Les trois messes basses – 5

Alphonse Daudet

Les trois messes basses – V

– L’abbé va trop vite… On ne peut pas suivre, murmure la vieille douairière en agitant sa coiffe avec égarement. Maitre Arnoton, ses grandes lunettes d’acier sur le nez, cherche dans son paroissien où diantre on peut bien en être. Mais au fond, tous ces braves gens, qui eux aussi pensent à réveillonner ne sont pas fâches que la messe aille ce train de poste; et quand dom Balaguère, la figure rayonnante, se tourne vers l’assistance en criant de toutes ses forces: Ite, missa est, il n’y a qu’une voix dans la chapelle pour lui répondre un Deo gratias si joyeux, si entrainant, qu’on se croirait déjà à table au premier toast du réveillon.

Cinq minutes après, la foule des seigneurs s’asseyait dans la grande salle, le chapelain au milieu d’eux. Le château, illuminé de haut en bas, retentissait de chants, de cris, de rires, de rumeurs; et le vénérable dom Balaguère plantait sa fourchette dans une aile de gelinotte, noyant le remords de son péché sous des flots de vin du Pape et de bons jus de viandes.

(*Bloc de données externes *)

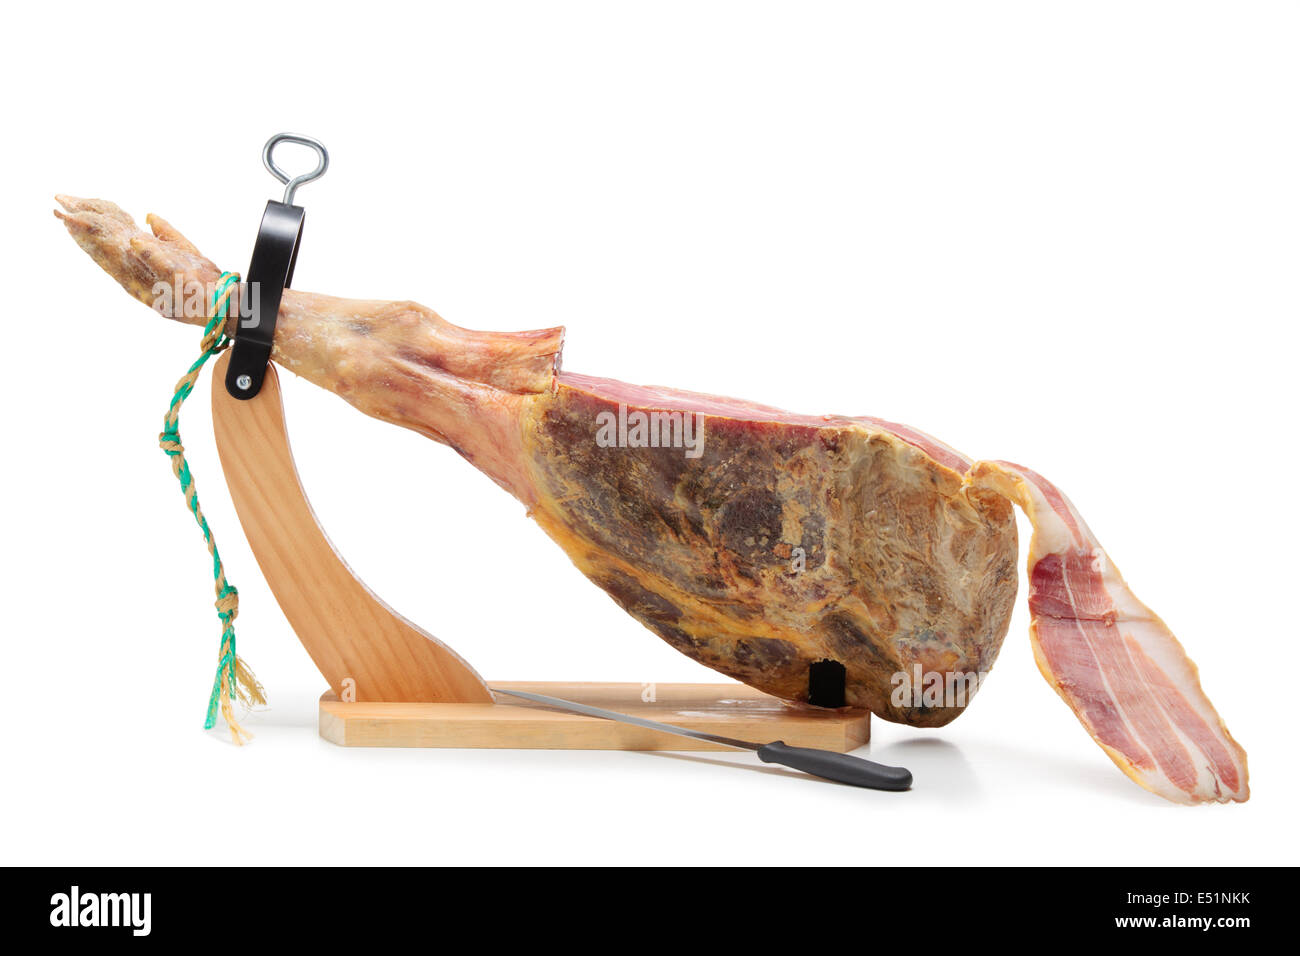 Spanish ham. Jamon Serrano Stock Photo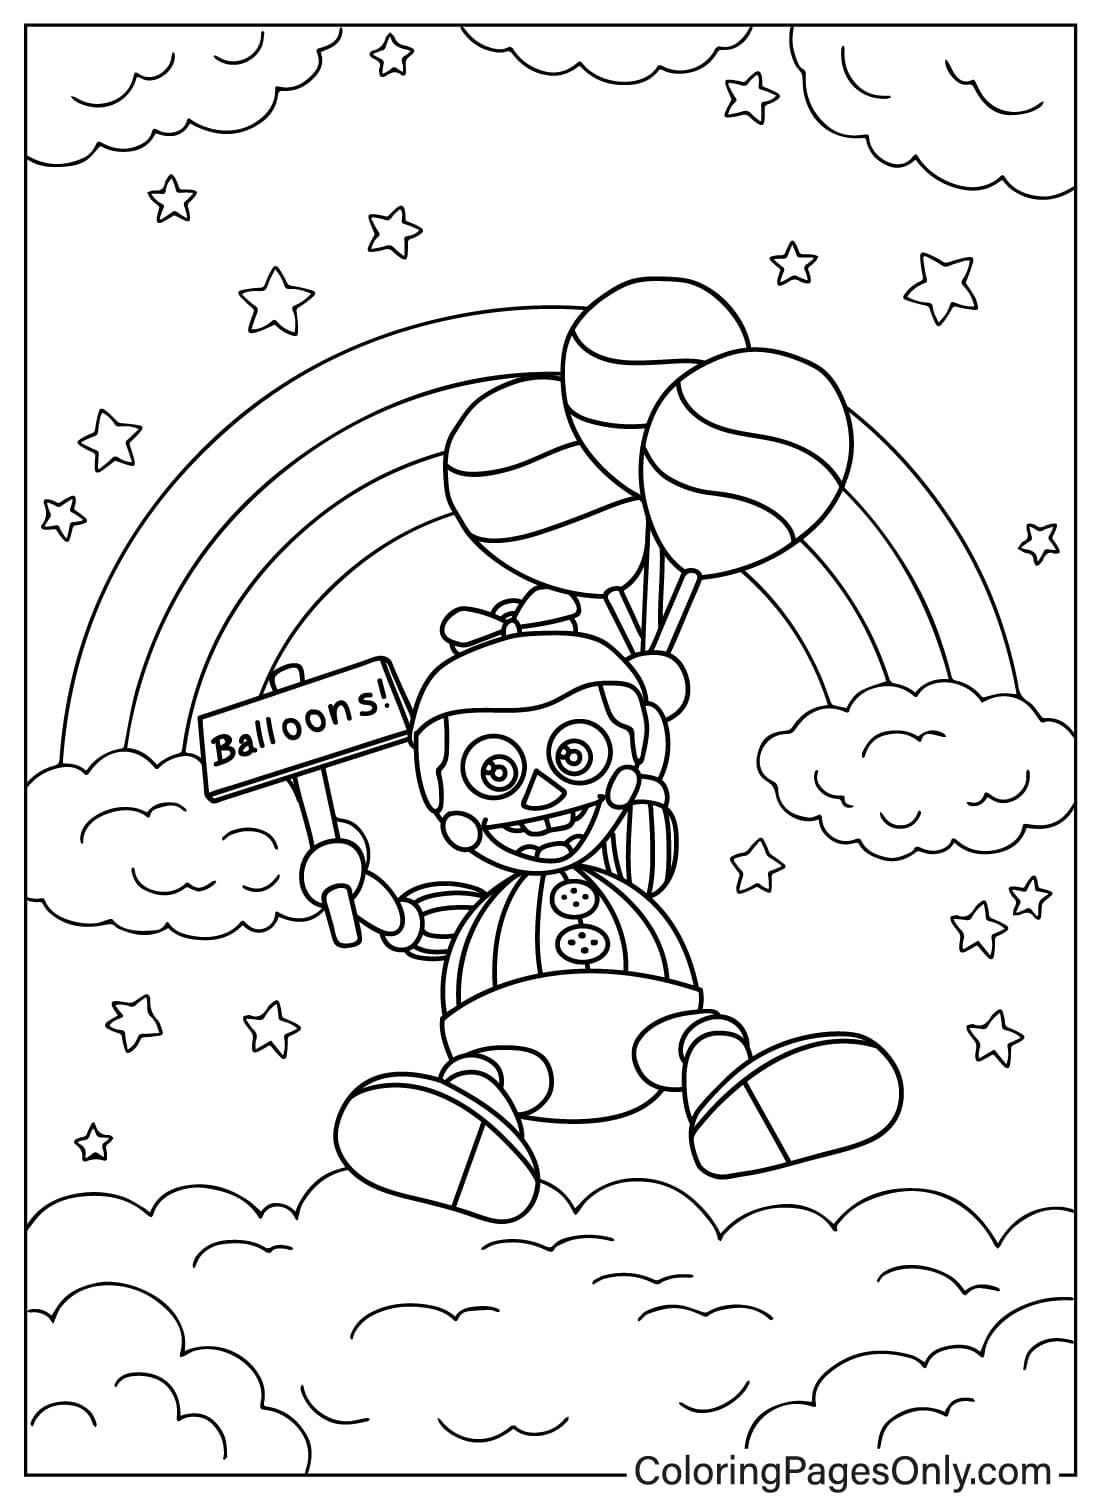 Página para colorear de Balloon Boy para imprimir desde Balloon Boy

Tant il but et mangea, le pauvre saint homme, qu’il mourut dans la nuit d’une terrible attaque, sans avoir eu seulement le temps de se repentir; puis, au matin, il arriva dans le ciel encore tout en rumeur des fêtes de la nuit, et je vous laisse à penser comme il y fut reçu.

– Retire-toi de mes yeux, mauvais chrétien! lui dit le souverain Juge, notre maitre à tous. Ta faute est assez grande pour effacer toute une vie de vertu… Ah! tu m’as volé une messe de nuit… Eh bien, tu m’en payeras trois cents en place, et tu n’entreras en paradis que quand tu auras célébré dans ta propre chapelle ces trois cents messes de Noël en présence de tous ceux qui ont péché par ta faute et avec toi…

Alphonse Daudet, Les trois messes basses – lues par Fernandel (Frémeaux et Associés, 2006)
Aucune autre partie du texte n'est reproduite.